What the task requires —
The answer is the data below, repeated exactly, with no pictures included.

Dataset excerpt —
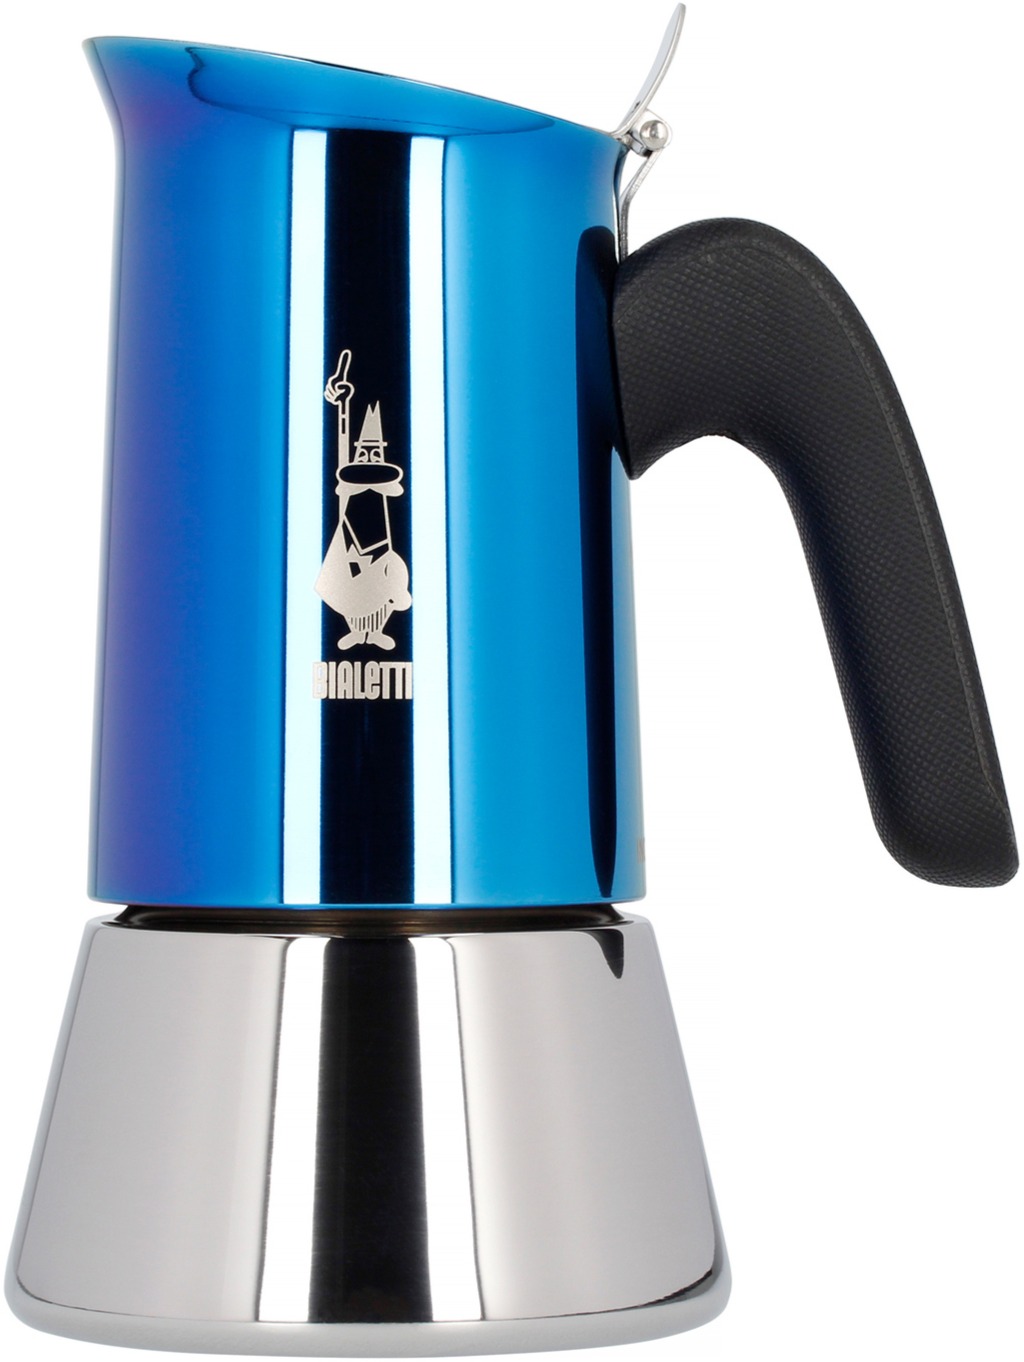 Bialetti Venus Stovetop Espresso Maker, Blue - Crema
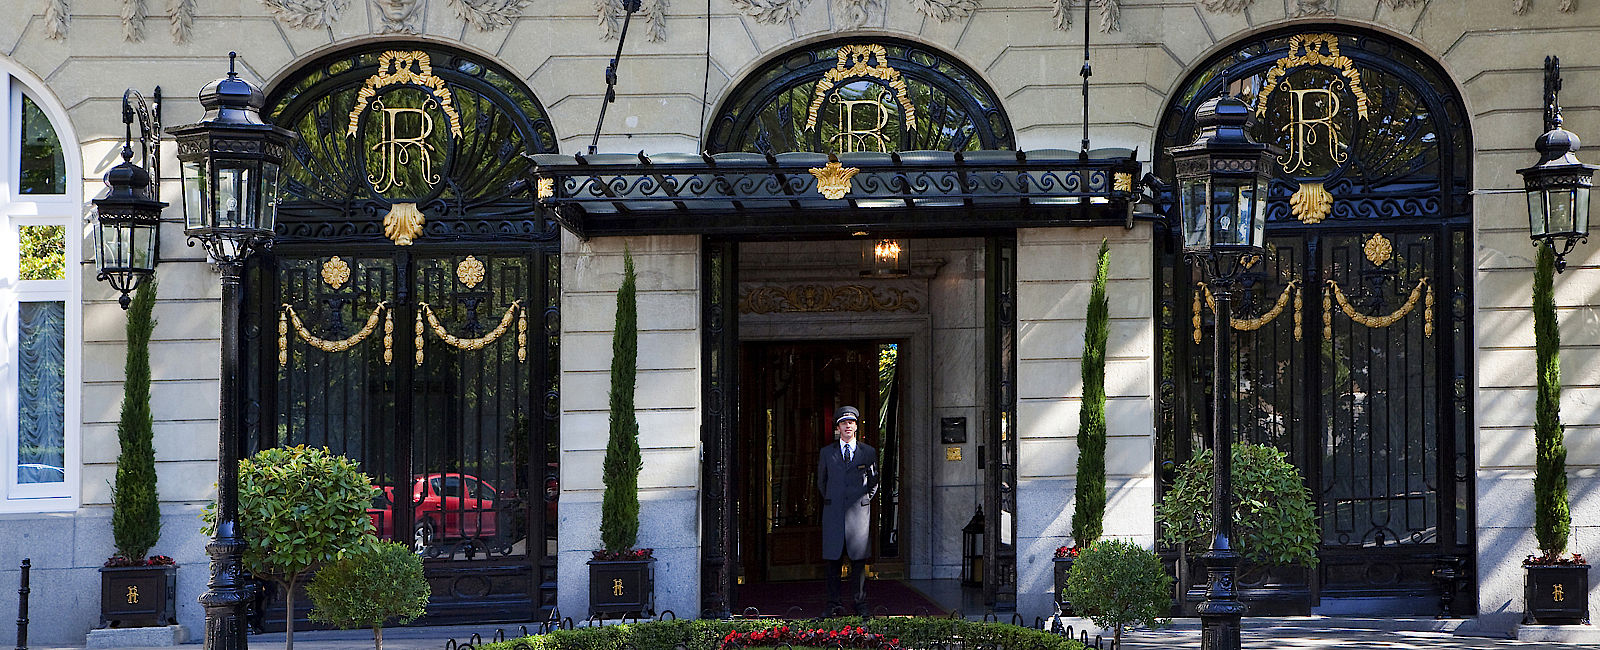 HOTEL TIPPS
 Hotel Ritz, Madrid 
 Pompöses Exklusiv Hotel aus dem Jahr 1910

Finished task —
 Bialetti Venus Stovetop Espresso Maker, Blue - Crema
 HOTEL TIPPS
 Hotel Ritz, Madrid 
 Pompöses Exklusiv Hotel aus dem Jahr 1910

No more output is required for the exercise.